Господи, да он сумасшедший?! Или он реально… волнуется?
Я злюсь, но не могу понять, на кого больше — на него, что орет как генерал, или на себя, что где-то внутри все-таки становится… тепло.
Только не вздумай влюбиться, Алена. Не хватало еще влюбиться в своего липового мужа.
Я иду в душ, пытаясь сбросить с себя тревогу, вечернюю усталость и остатки Богданова «воспитательного момента». Когда возвращаюсь в комнату, Семочка уже на своем месте — у двери, как часовой. Рыжуля спряталась в домике, Умочка осторожно выглядывает из-под кровати, Гричн замер в клетке. Родная банда на месте. Уютно. Тепло. Странно, но… мне спокойно.
Комната вроде и чужая, но внезапно уютная.
Я ложусь. Закрываю глаза. И, к своему изумлению, почти сразу проваливаюсь в сон. Не ворочаюсь, не прокручиваю в голове сценарии. Просто засыпаю. Как дома. Как в ту новогоднюю ночь, когда Громила — совершенно без предупреждения — плюхнулся ко мне в кровать, а утром вломилась его бывшая с воплями, что я увела у нее мужика.
Вот дожилась…
Впрочем, в ее глазах так и должно быть, учитывая, что мы поженились и Богдан называл меня своей женой.
Я проваливаюсь в сон, едва коснувшись подушки. Сон вязкий, как мед, сладкий, как халва, и крепкий, как объятия.
И тут в этом сонном царстве вдруг раздается пронзительный…
Гав! Шипение! Крик! Ор!
Альберт орет, как потерпевший, Умочка шипит, Семочка лает!
Что за черт?!
Я вздрагиваю, резко приподнимаюсь на локтях, моргаю в темноту. В ушах шум. На первом этаже какой-то хаос.
На нас напали? Воры?
Сердце грохочет в груди. Я вскакиваю с кровати, накидываю шелковый халат, завязываю пояс, выбегаю в коридор. И тут — почти лоб в лоб — сталкиваюсь с Богданом. Он уже идет вниз по лестнице с мрачной решимостью, очевидно, уничтожить тех, кто потревожил его сон. В одних боксерах, глаза — как два ледяных кинжала, челюсть напряжена.
Богдан
Сумасшедшая бывшая — это не просто головная боль.
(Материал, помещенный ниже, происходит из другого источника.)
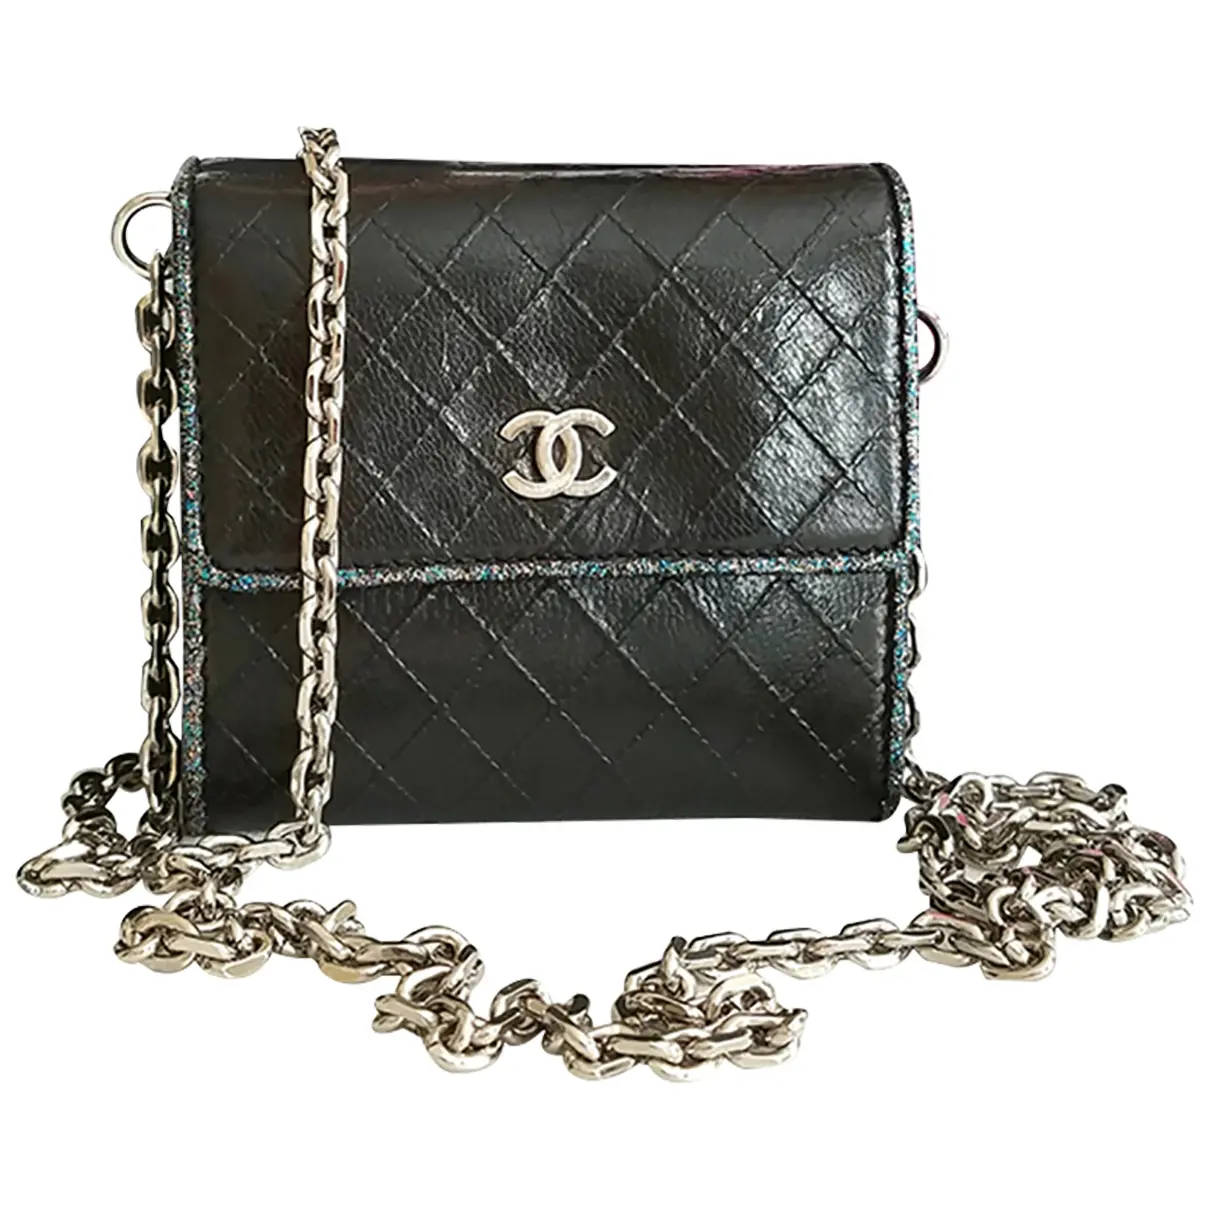 Wallet on Chain leather crossbody bag Chanel - Vintage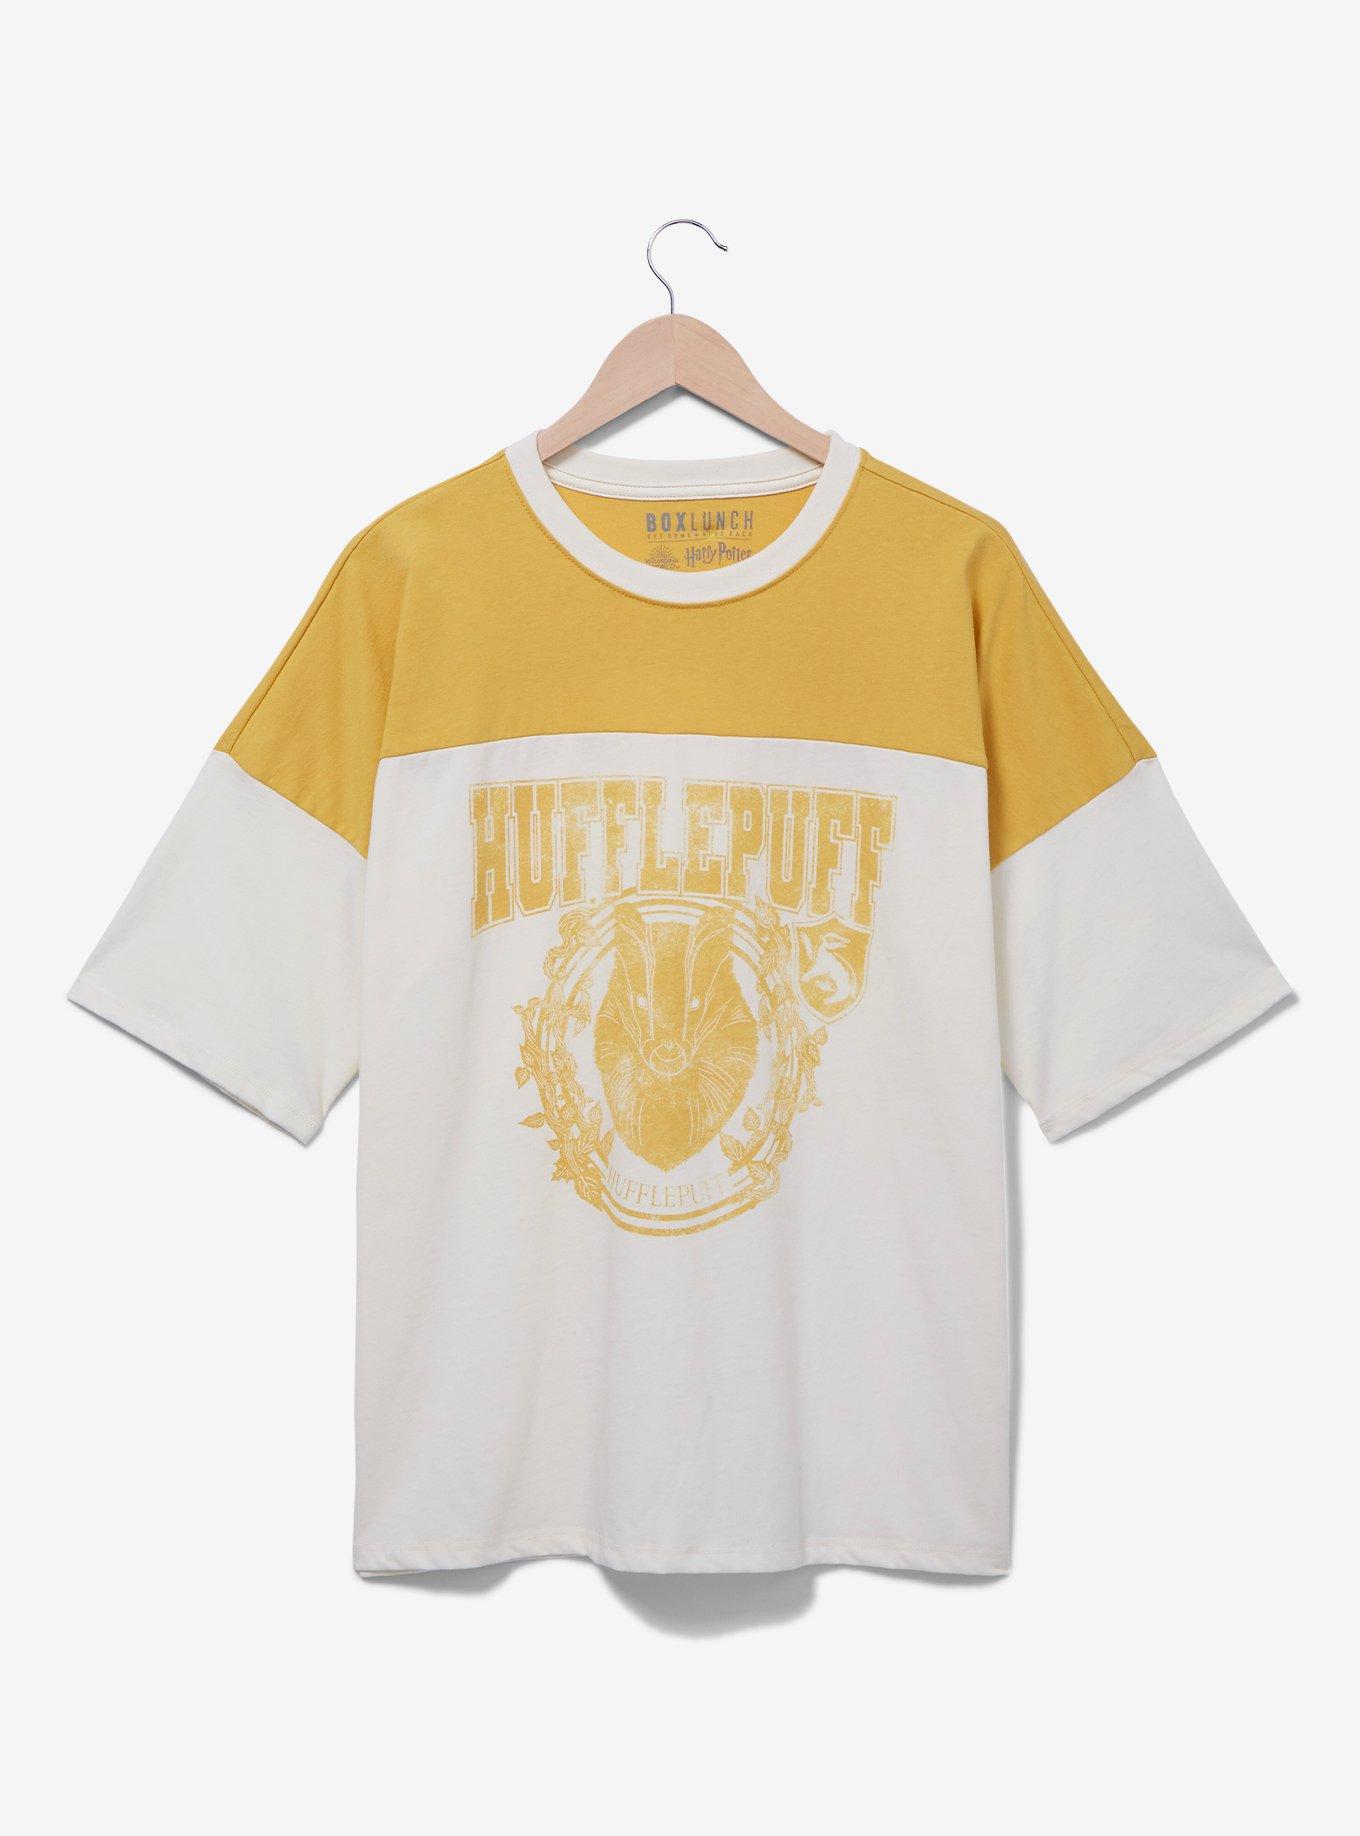 Harry Potter Hufflepuff Color Block Women's Varsity - BoxLunch Exclusive | BoxLunch

Это диагноз. С осложнениями. Хроническими. Инфекционными. И, кажется, уже необратимыми.
И как я на Лену нарвался, скажите мне на милость? Порчу кто навел?
Вот уже как полгода она не дает мне жизни. Где бы я ни был — она там. Даже в Тайге нашла!
Нет, поначалу Лена была легкой, веселой, сексуальной красоткой. Без тормозов, без комплексов. Девочка-огонь — казалось, бери и наслаждайся. Да и мне тогда серьезных отношений не нужно было. А потом — как по сценарию дешевого ситкома — в один прекрасный день мама застала нас вместе, и Лена с милейшей улыбкой выдала: «Здравствуйте, мама! Я — невеста Богдана». В общем, повязали со всех сторон!
С того момента все и началось.
Женись. Ты уже не мальчик. Хватит мотаться.
А я? Я и сам не понял, как оказался втянутым. То жили вместе, то не жили. То ссорились, то мирились, то трахались, потом опять ссорились… Годы пролетели в этой карусели, где я, по сути, был просто спонсором.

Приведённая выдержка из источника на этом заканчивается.